Free Subscription: RSS
This short podcast describes an important step in the growth of business owners and other leaders, moving beyond the urge to control and micro-manage every action toward acting with confidence in your team and your own ability to respond to every eventuality.
Thanks to MusicOpen for providing public domain recordings of Beethoven.
Transcript:
Hello. I’m Tony Mayo, the Business Owner’s Executive Coach with one quick idea you can use in your business …today.
Here’s the gist of today’s leadership coaching. Control …is an illusion. End your quest for certainty and proceed …with confidence.
The business owners I work with tend to have very clear ideas about the results they want to produce, and about the methods used to produce those outcomes. Unfortunately, this clarity and strong intention can misguide them into attempting to control every step of the project. Unfortunately, such detailed control is mostly impossible. Managers who try to control their people are kidding themselves —and their employees know it. We call them micro-managers, which has a double meaning. By attempting to manage details at a micro level, these managers shrink their own stature and effectiveness as leaders, becoming micro– versions of real managers. Micro-managers
If you’re doing anything significant involving other people, resources, time, and chance, you cannot control everything. It’s just not humanly possible. Worse, any attempt to do so, discourages the very best people working with you. Because –think about it– the most intelligent, creative, responsible people don’t want to be controlled; they want to contribute. They want to participate. They want to be creative. The very people you most want on your team are the same ones who most want to matter, to affect the process, and influence the outcome. To be left alone to get their jobs done.
You may be thinking, “Okay, Coach. Say I’m willing to give up this illusion of control? What’s the alternative? What do I do, sit back and watch?”
Of course not. I suggest delegating, not abdicating. My recommended alternative to grasping at control is to move forward with _confidence_; the conviction that you can respond effectively to the many unpredictable, uncontrollable events that are part of any worthwhile project.
When you’re clear about your commitments, your skills, and your ability …to respond, you will be _confident_, whatever happens, that you will respond appropriately.
My friend, Lt. General Gene Forrester, illustrated this principle for me with the example of Napoleon. Napoleon only ordered his field marshals to station their troops at a particular place, at a specific time, prepared to attempt a certain result. How they got there and the tactics they used were up to the field commanders and their officers.
My friend went on to tell of his experience commanding the American occupation of the Dominican Republic in 1965. Because of the violence and chaos on the ground, he had planned an aerial assault, dropping men and heavy equipment by parachute just outside the capital.
While in the air, my friend was contacted by the Chairman of the Joint Chiefs of staff with new orders. Because an airdrop might look too violent and aggressive, an agreement had been negotiated with a faction of the Dominican Army. They agreed to allow the US troops to land and deploy from a military air field.
That makes sense, the general agreed, but it is impossible. We are airborne with enough tanks and trucks for 22,000 troops securely attached to parachutes and pallets, positioned over bomb bay doors, ready to drop. There was physically no way to get them out of a plane once it was on the ground. The equipment had to be parachuted.
I hear what you’re saying, said the Chief. And, I received this order personally from the President of the United States. …Figure it out.

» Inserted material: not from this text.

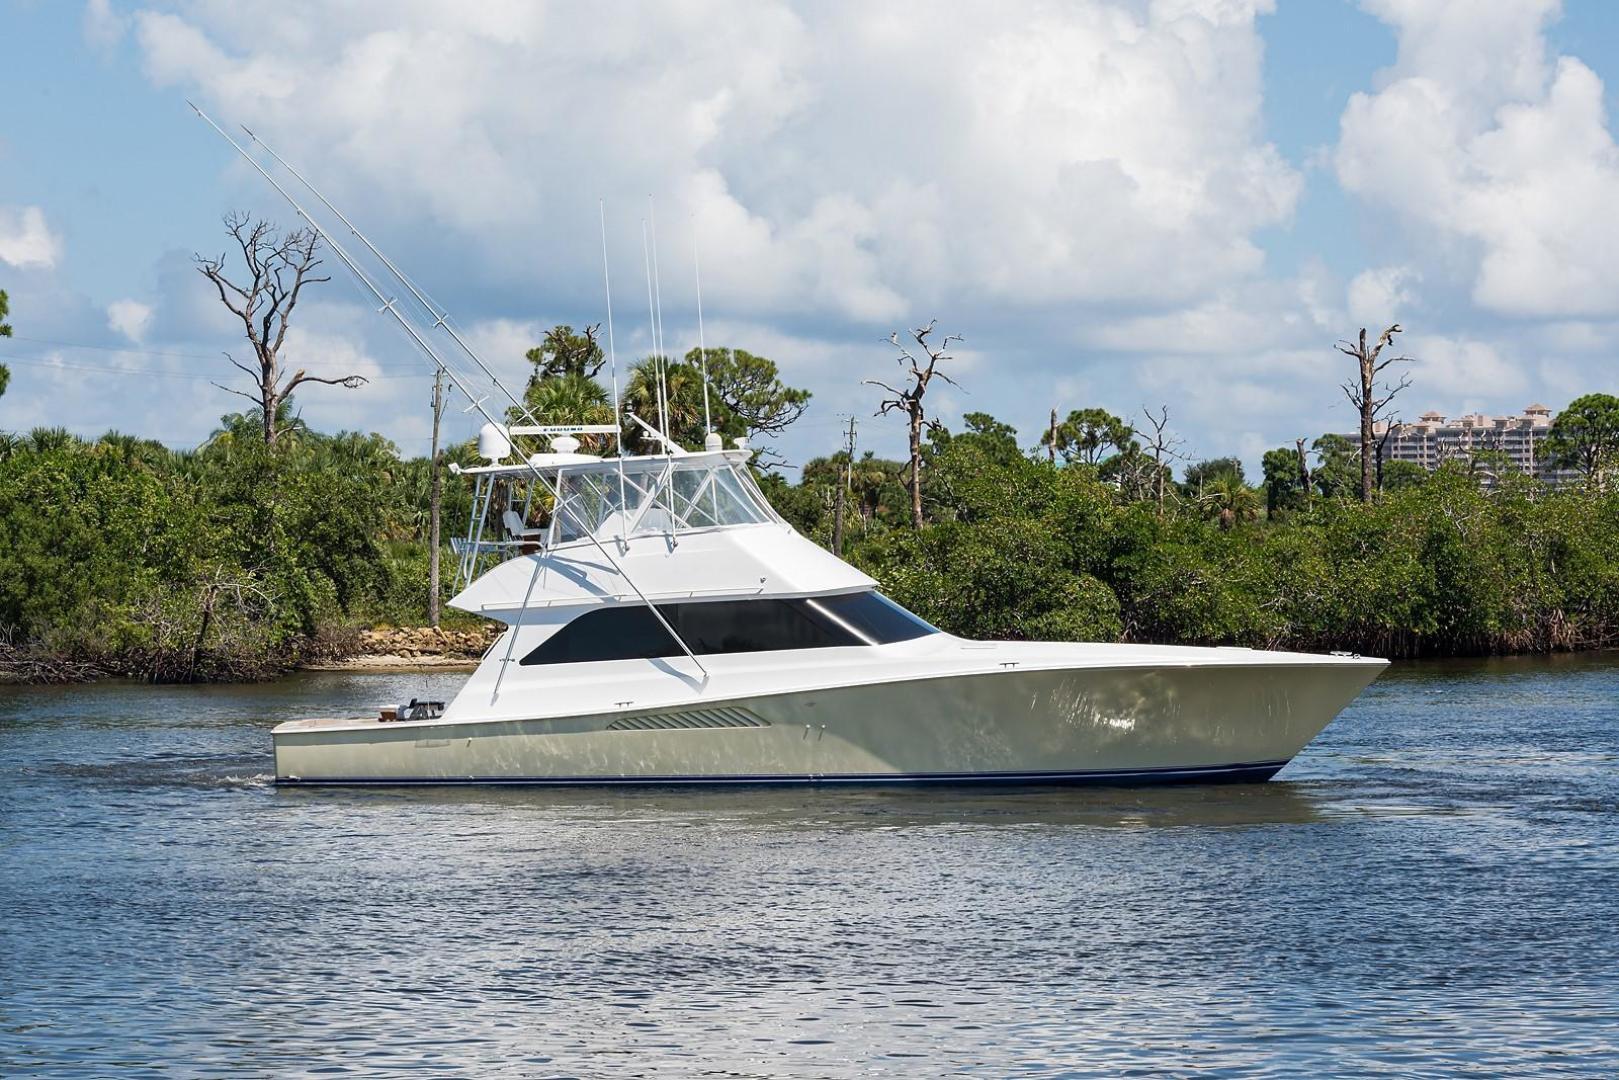 Viking-Convertible 2001-No Vacancy Palm Beach Gardens-Florida-United States-No Vacancy-1499909 | Thumbnail

The General happened to have on his aircraft the Captain who had written the manual on how to rig, stow, and air drop combat equipment. After a brief consultation, the Captain confirmed that it was physically impossible to roll those vehicles off an airplane on the ground. And, the Captain who wrote the manual also knew that in war not everything got done by the book. There are things even a general or a President can’t control, but there’s nothing an officer with confidence won’t attempt.
This Captain radioed the Master Sergeant who had supervised the rigging and loading and told him what was needed. He said, “Yes, sir.” The Captain asked, “You understand that this has to be done en route, right now, without landing?” The sergeant said, “Yes, sir.”
The Captain asked, “How are you going to do it?”
“I don’t know, sir. I just know that we will.”
A few hours later, those planes landed and the equipment rolled off, followed by tons of smashed, slashed, bent, and burnt packing materials.
That’s confidence. Instead of trying to control every step, the commanders from President Johnson right down to the Master Sergeant proceeded with confidence in their ability to unleash the ingenuity and determination of their teams.
So please, try being less attached to the methods and how things are done, and more clear about the outcome you desire, and the reasons for it. Be confident that you’ll be able to have the conversations, take the actions, provide the resources called for, no matter what happens. You don’t need to control. Be confident.
Thanks for listening. I hope you enjoy this podcast, that you apply it and you share it.